— Data to use —
--- START ---

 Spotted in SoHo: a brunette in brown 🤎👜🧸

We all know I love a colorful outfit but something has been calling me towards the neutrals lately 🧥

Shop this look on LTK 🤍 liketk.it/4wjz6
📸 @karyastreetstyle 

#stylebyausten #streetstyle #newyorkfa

--- END ---
--- START ---

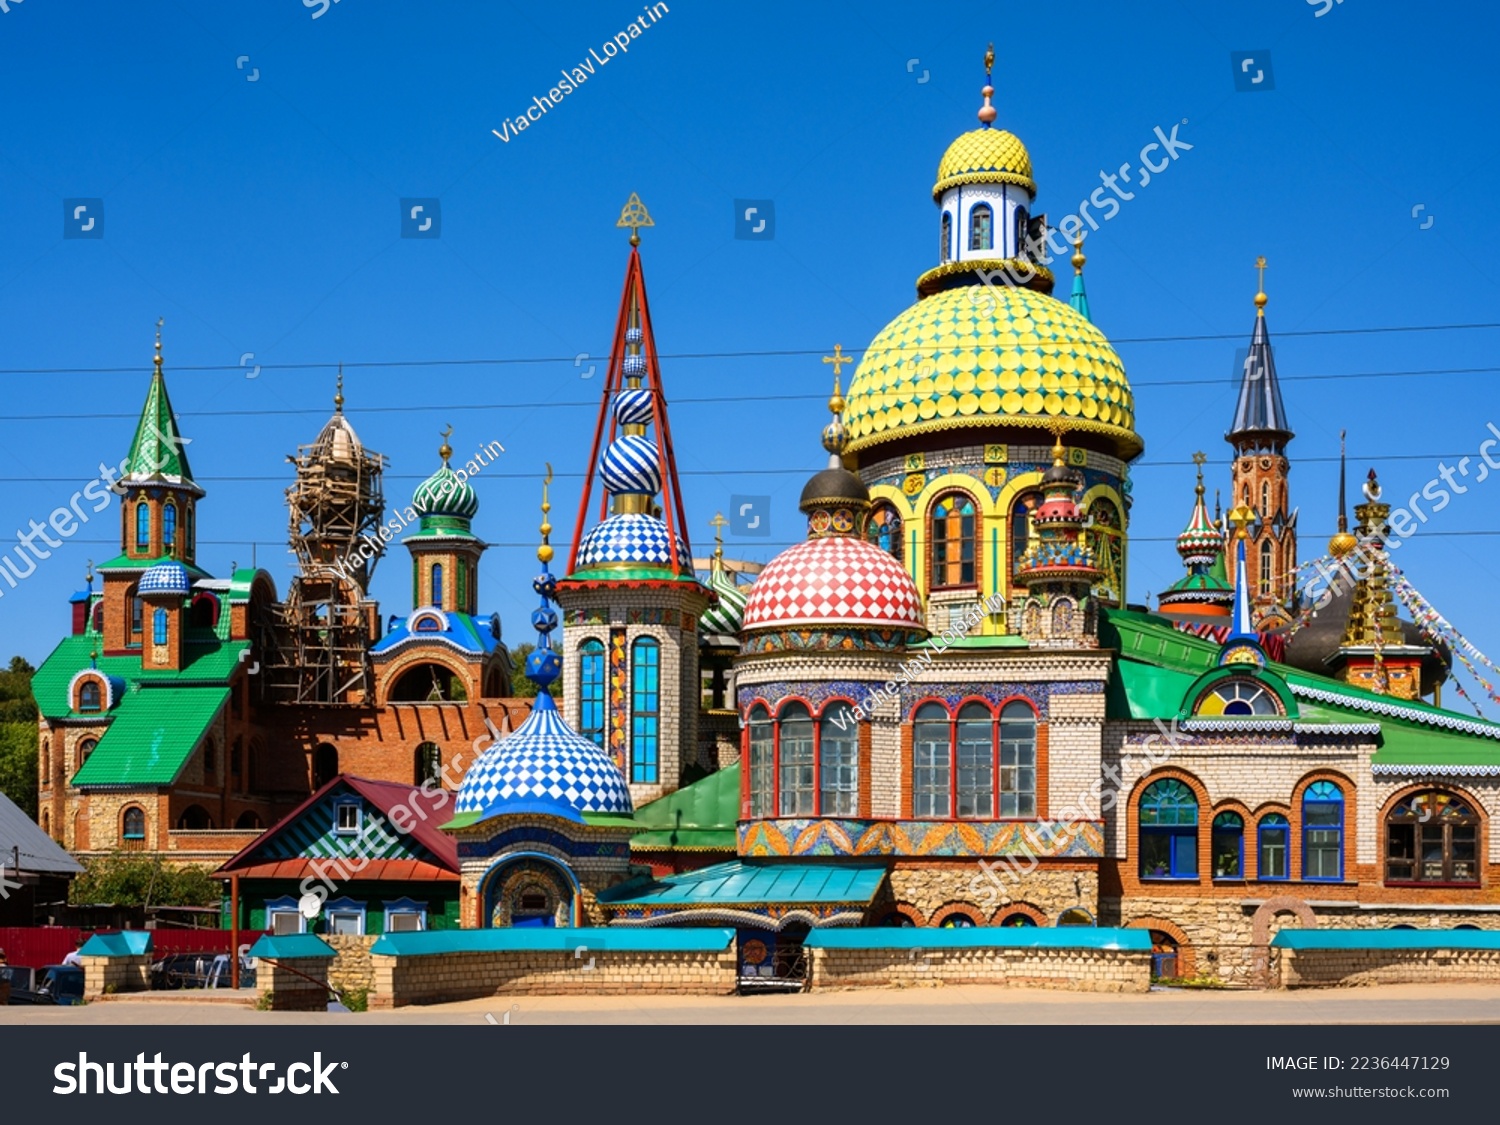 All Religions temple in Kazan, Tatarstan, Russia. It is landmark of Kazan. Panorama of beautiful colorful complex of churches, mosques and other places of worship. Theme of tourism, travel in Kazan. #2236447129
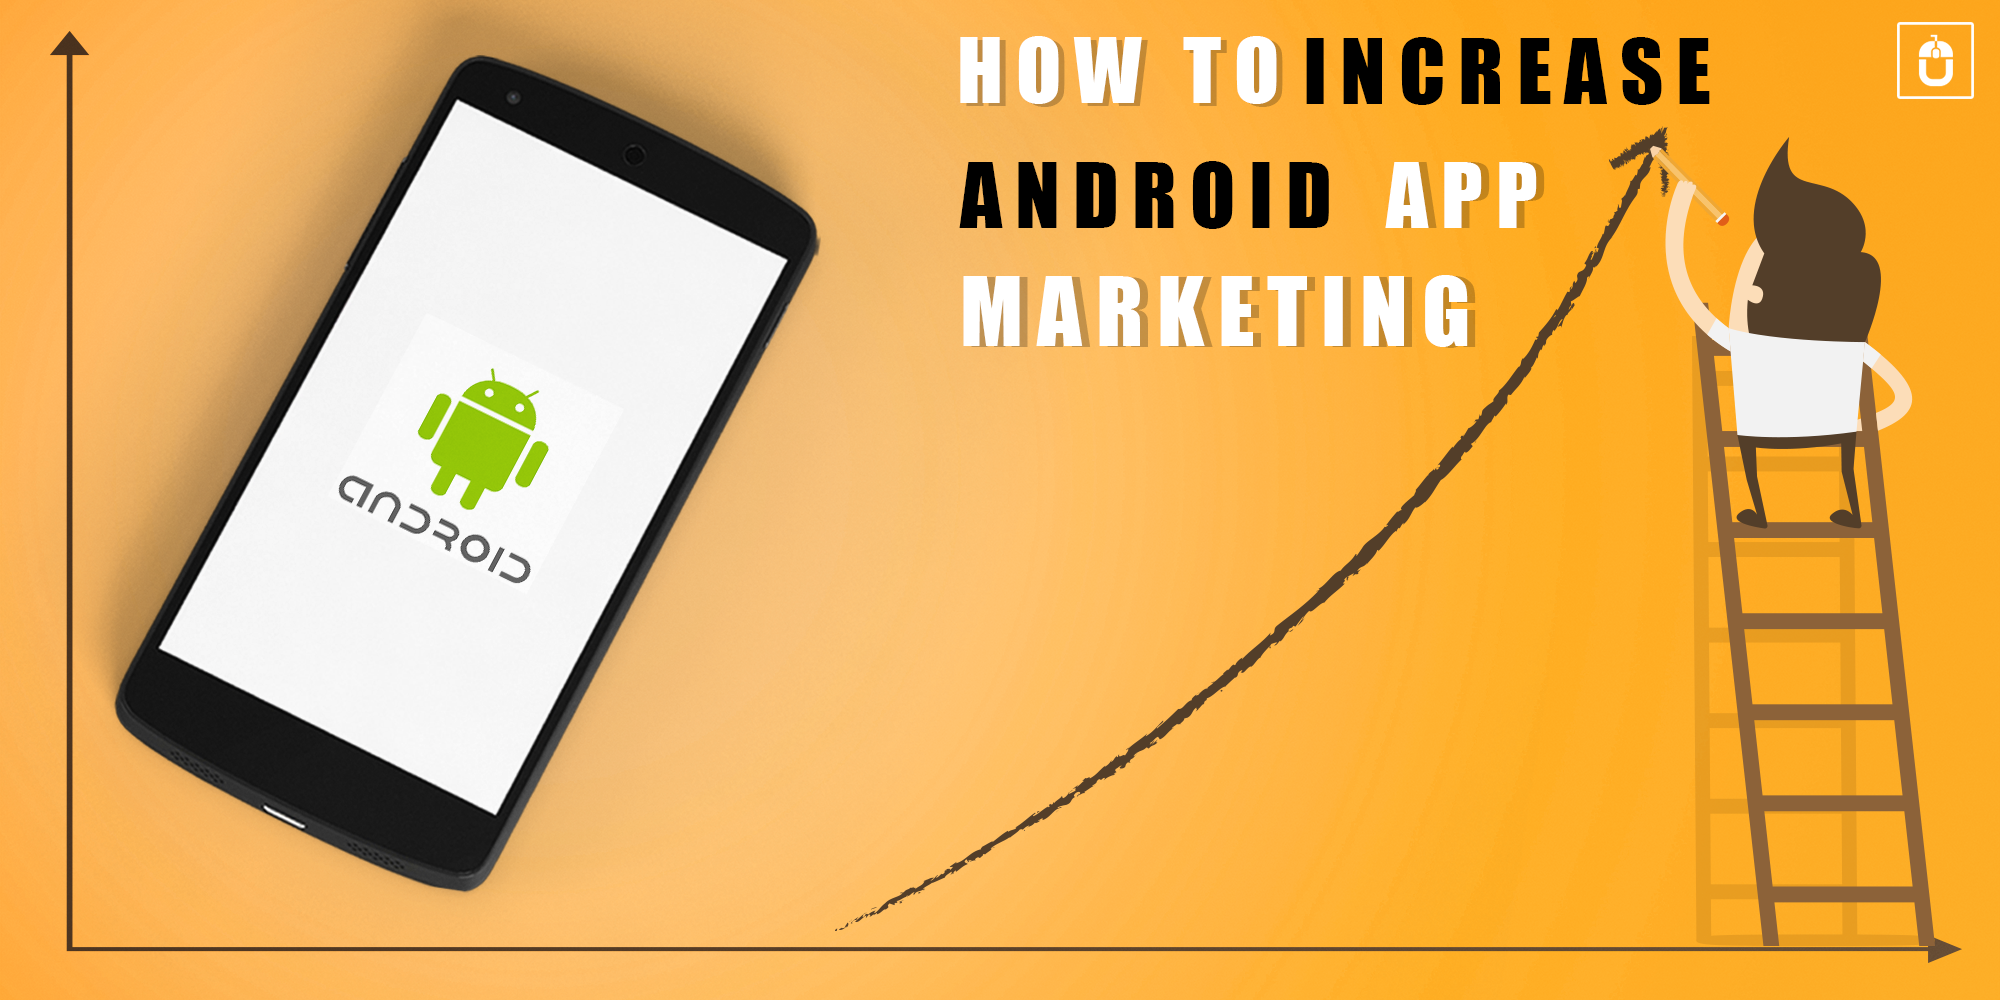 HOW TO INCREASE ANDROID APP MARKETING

--- END ---
--- START ---

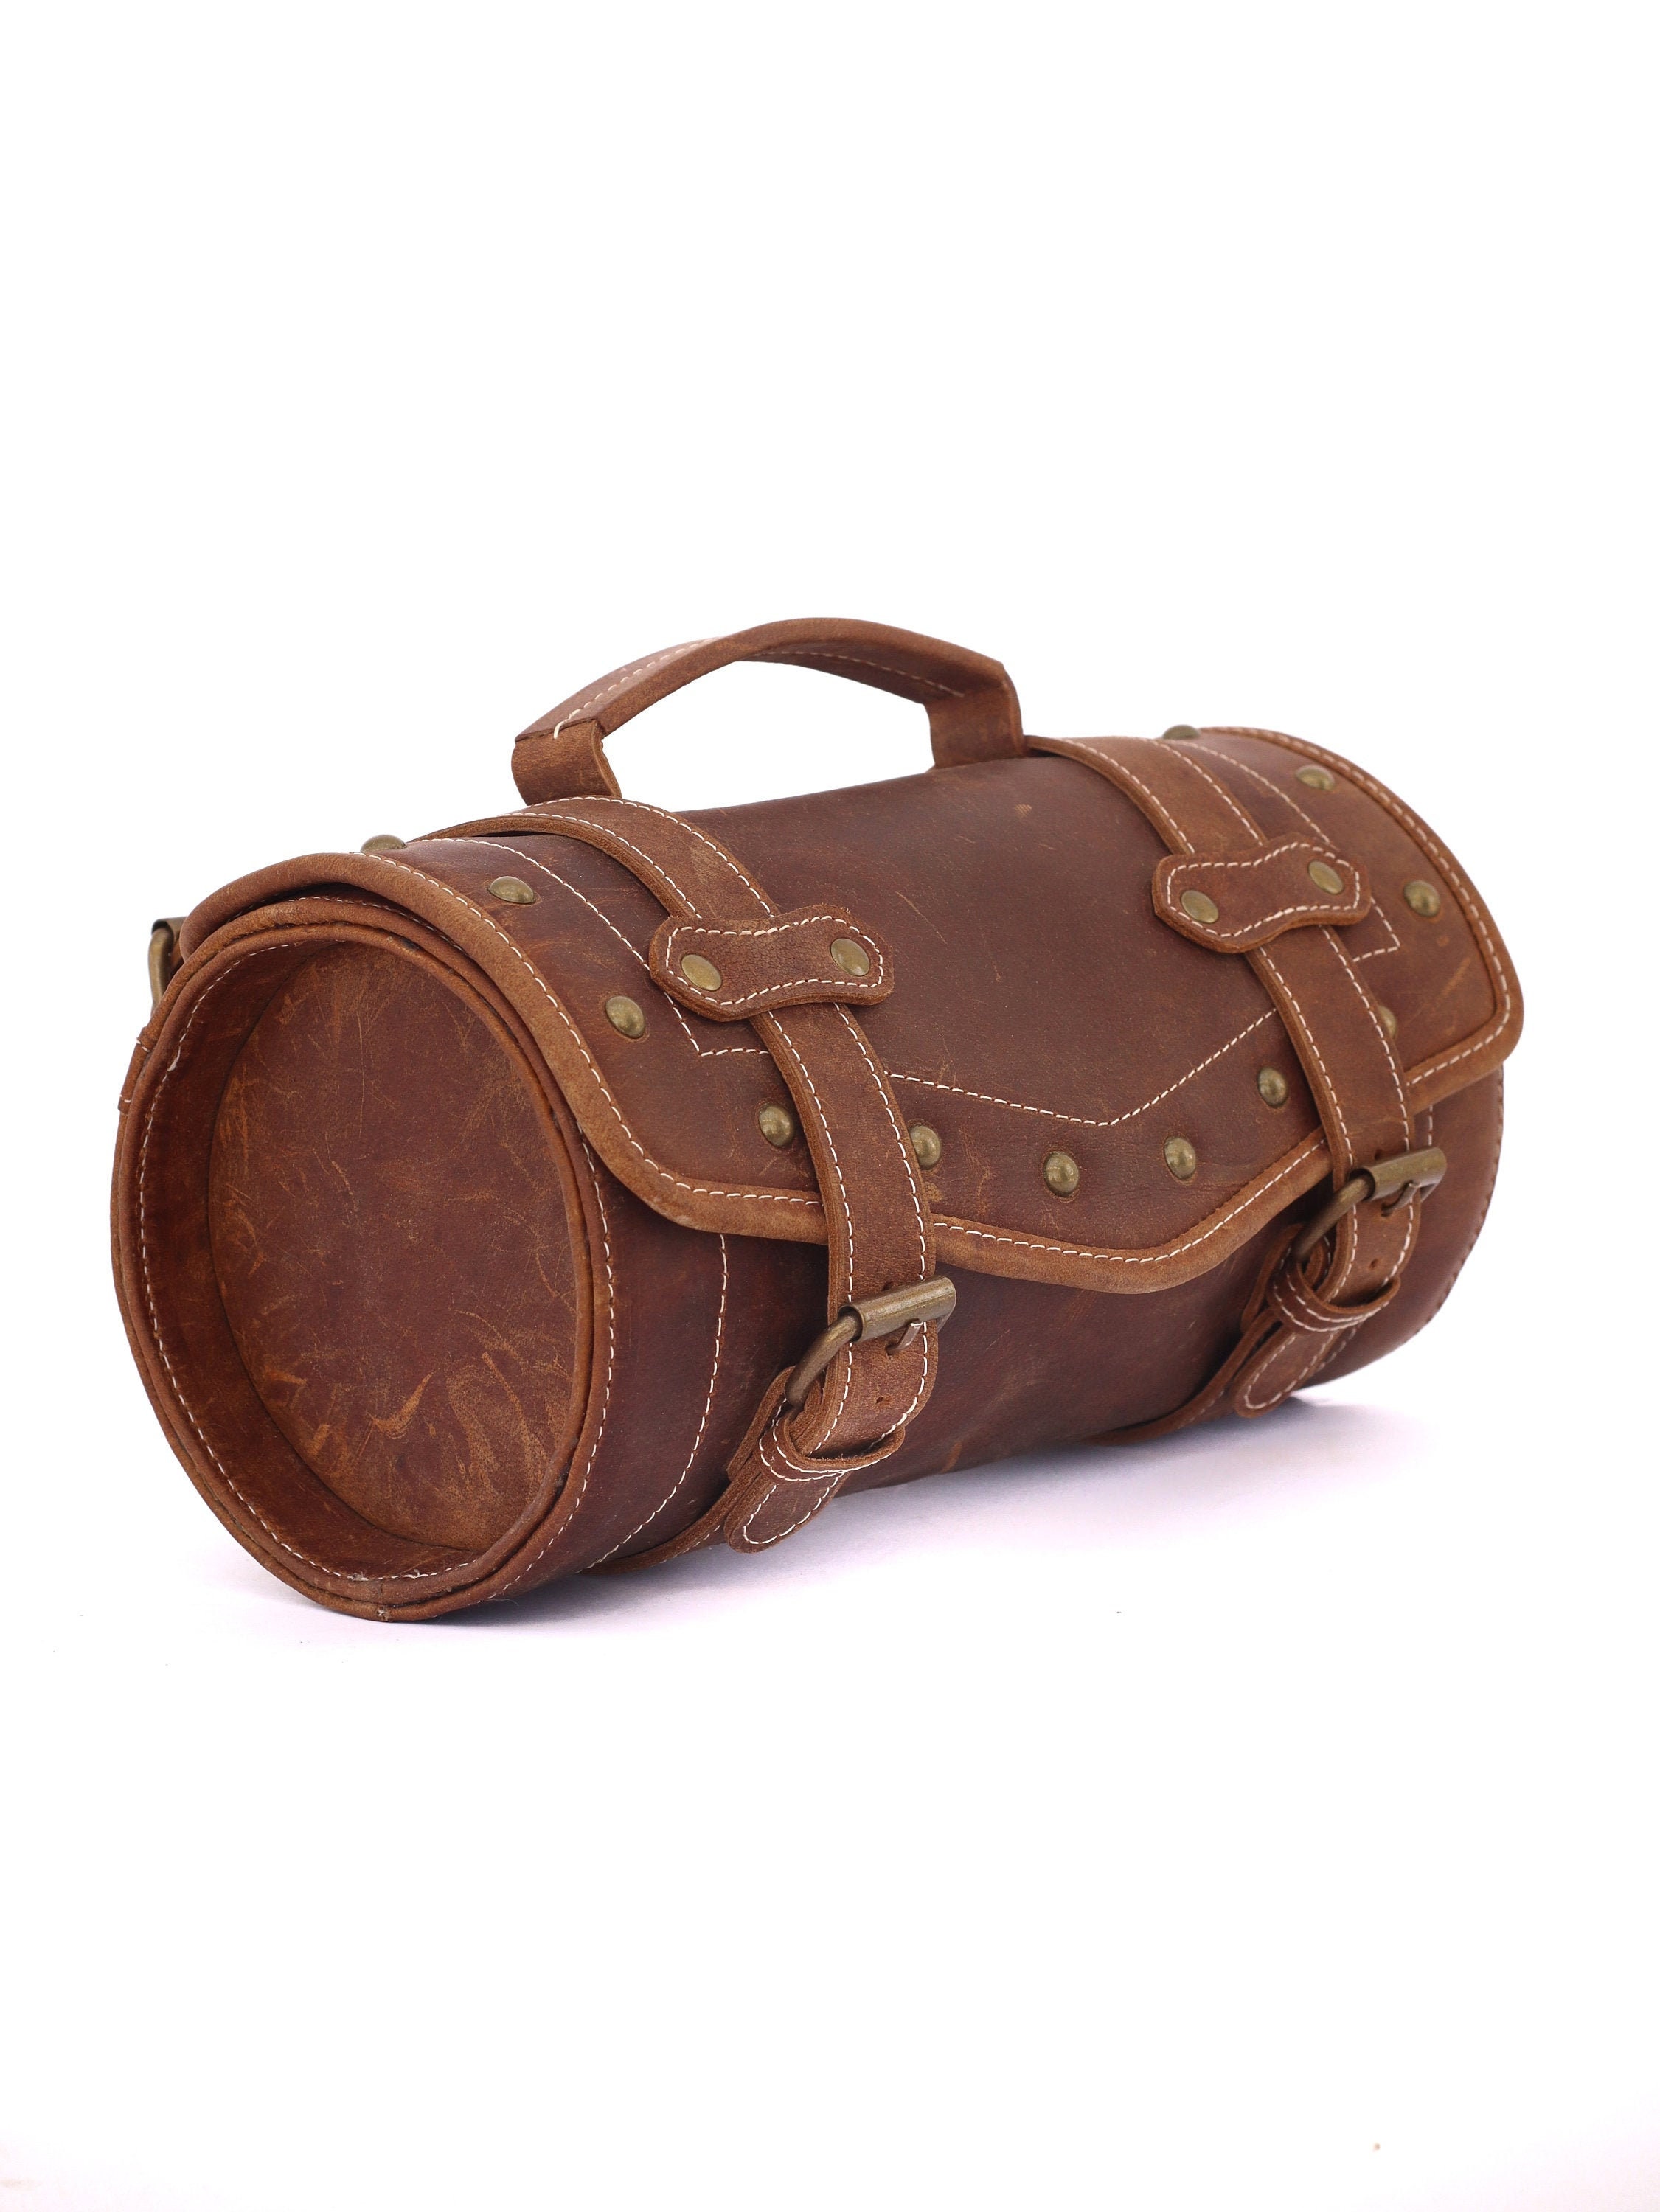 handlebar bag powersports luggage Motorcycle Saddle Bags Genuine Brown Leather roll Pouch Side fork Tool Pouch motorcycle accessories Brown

--- END ---

— Work request —
Copy the stretch of the records above that runs from the line with "Spotted in SoHo: a brunette in brown 🤎👜🧸" through the line with "#stylebyausten #streetstyle #newyorkfa". Both end lines belong in the copy, and nothing else does.

— Solution to this exercise —
 Spotted in SoHo: a brunette in brown 🤎👜🧸

We all know I love a colorful outfit but something has been calling me towards the neutrals lately 🧥

Shop this look on LTK 🤍 liketk.it/4wjz6
📸 @karyastreetstyle 

#stylebyausten #streetstyle #newyorkfa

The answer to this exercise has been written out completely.